Friday, February 25, 2011

Aquinas Revistited

So I'm not one to be a fan of logical arguments for the existence of God. I think I stand with Kierkegaard in thinking that God's God-ness is an objective truth which we access subjectively. However, I was thinking about this last night when I was trying to fall asleep. I don't see this argument as so much a "therefore, God exists, QED" as much as a "therefore, it's reasonable to entertain the possibility."

So it seems like the argument against God's existence tends to include one general premise: we have no evidence for the existence of God, and (if we take "God" as the God written about in the Bible) we in fact have empirical evidence against His existence. There seems to be an implied premise which goes along with this. Things as they really are must correspond with the way we experience our, perhaps relative, reality.
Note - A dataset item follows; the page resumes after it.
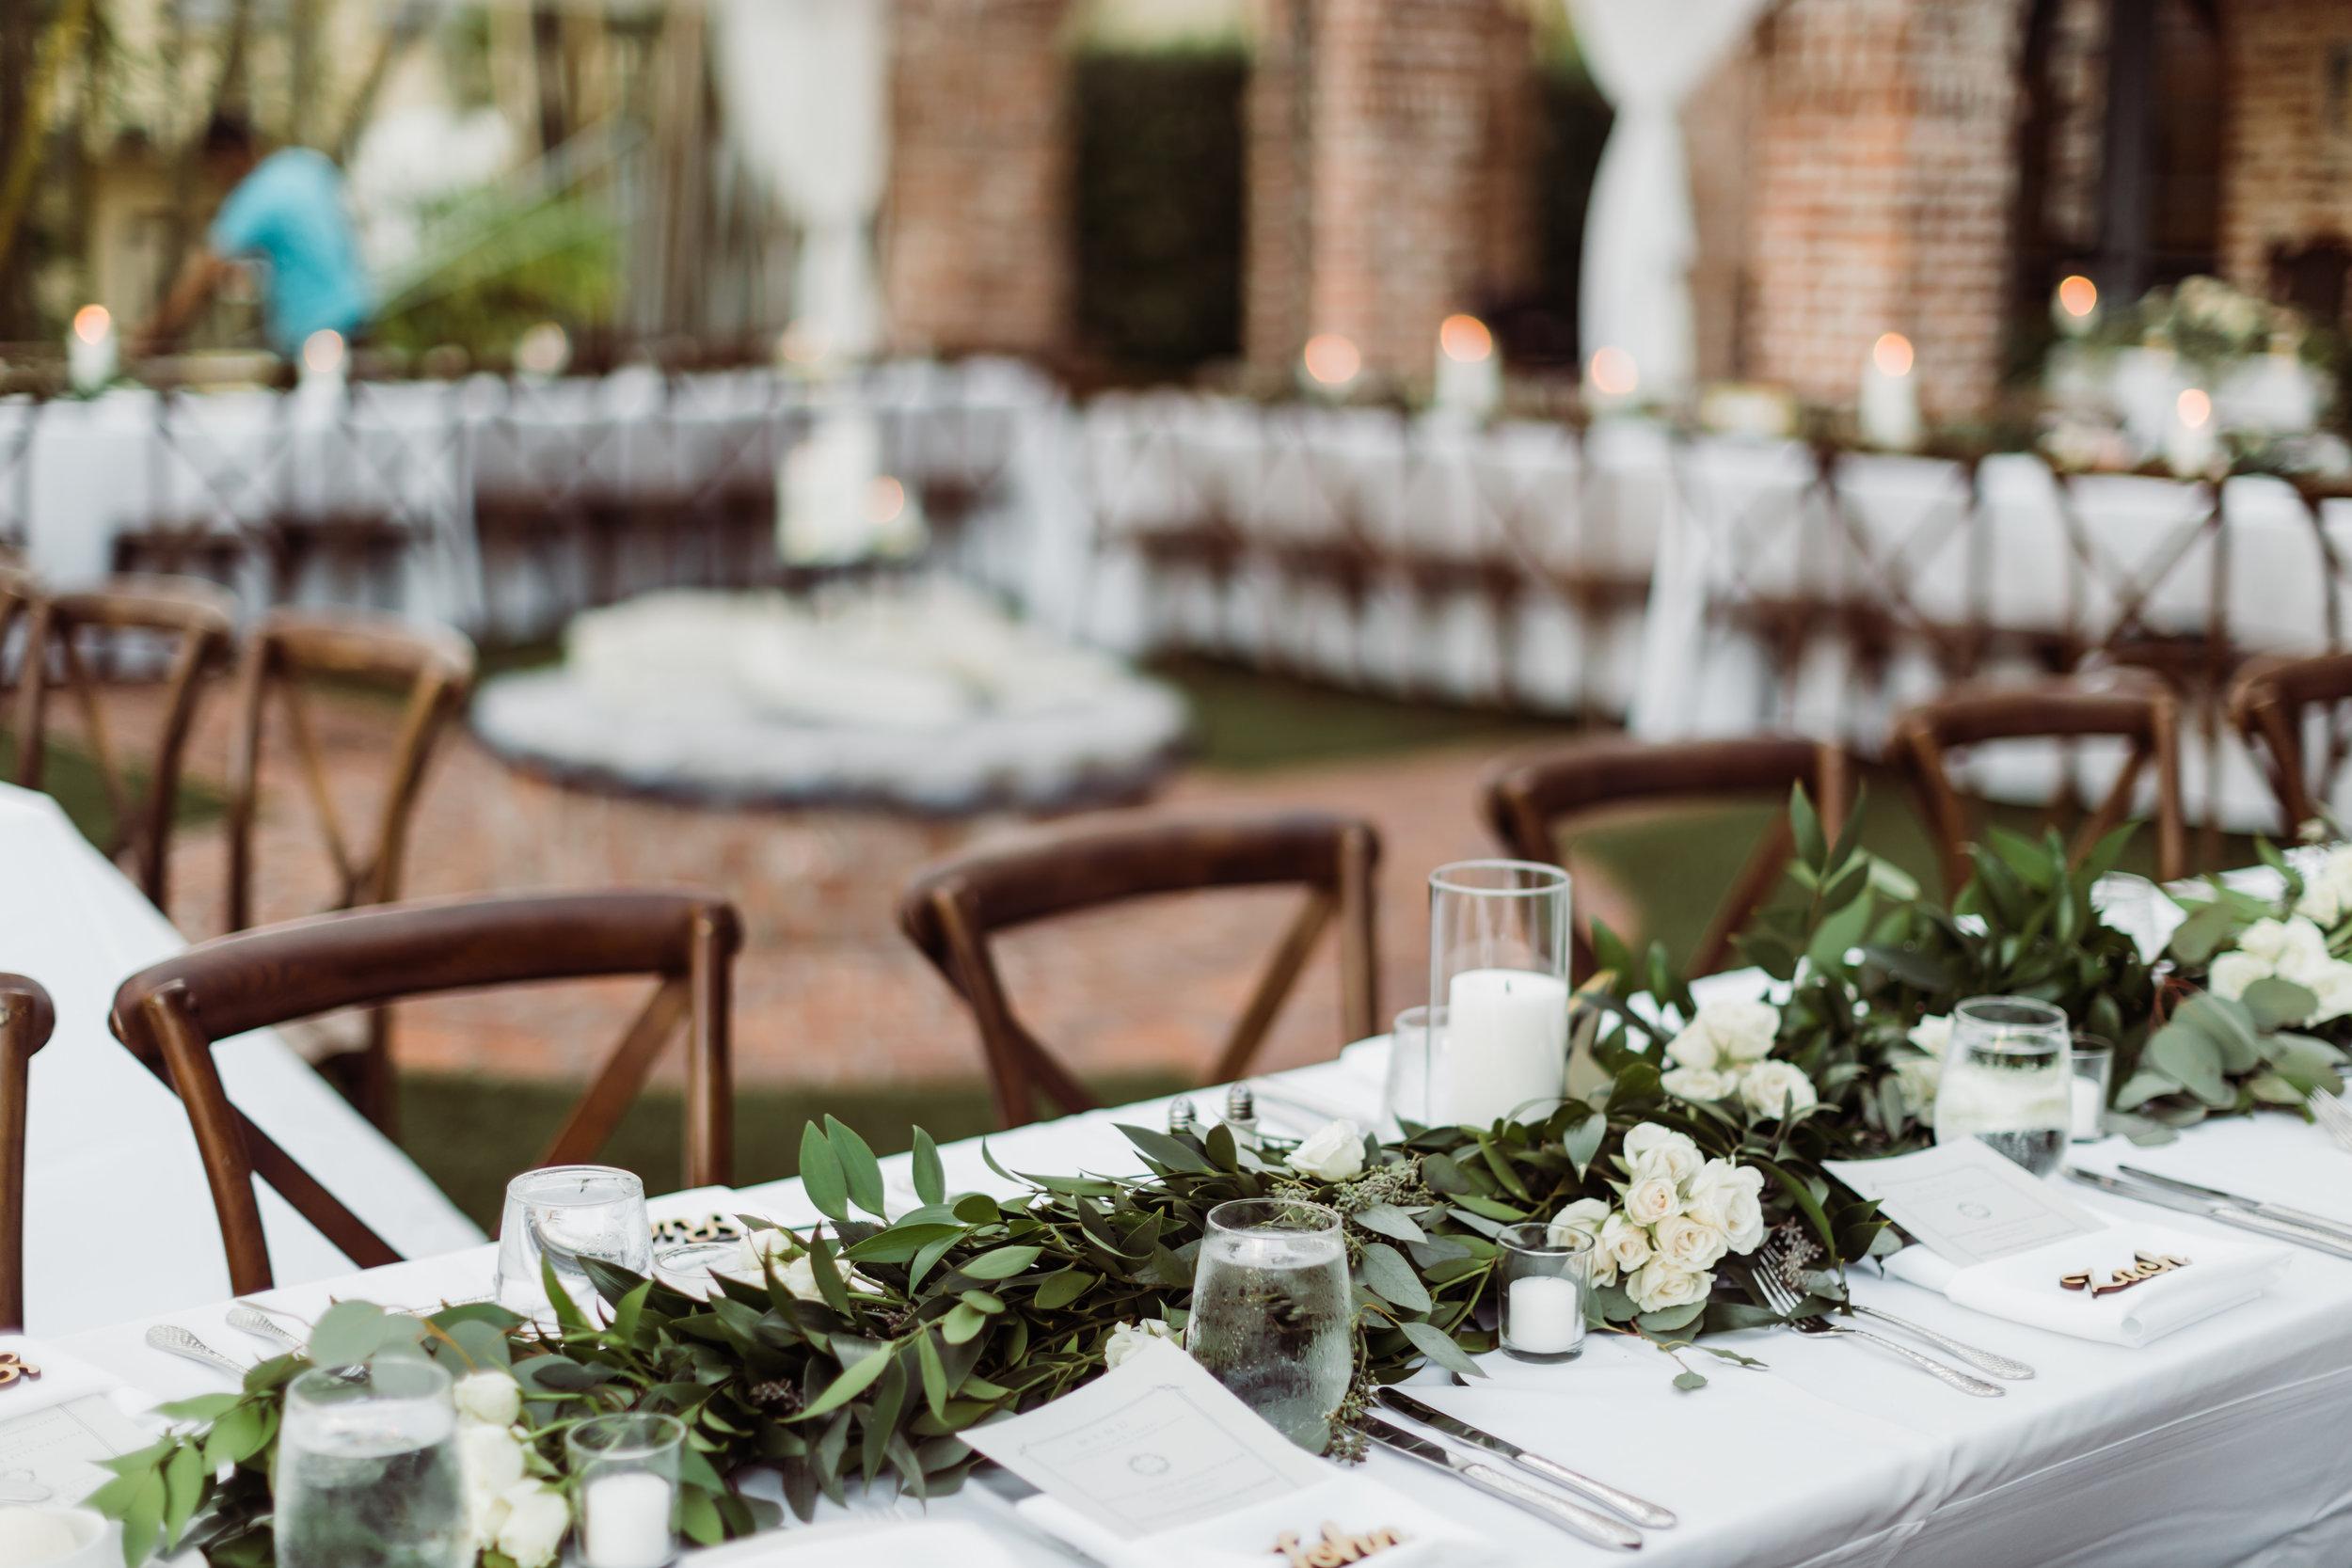 2017.10.15 Steffi and Elliott Simmonds Casa Feliz Wedding (637 of 969).jpg

This premise, I think, is something to dispute.

Here's my argument: If God (in the way God is characterized in the Bible) exists, then we must come to know God through faith. Faith, by definition, requires one to believe something which does not correspond with that person's relative reality. Would it not make sense, then, if one must come to know God through faith, that He would create us to experience reality differently than He does? If this is the case, then the argument that God can't exist because His existence is inconsistent with the way we experience reality doesn't stand.

This argument can't be a formal argument because it leads to the fallacy of affirming the consequent, which is why it shouldn't be taken as a "therefore, God exists" kind of ontological argument. However, it seems to be shifting the burden of proof from the side of the believers to the side of nonbelievers.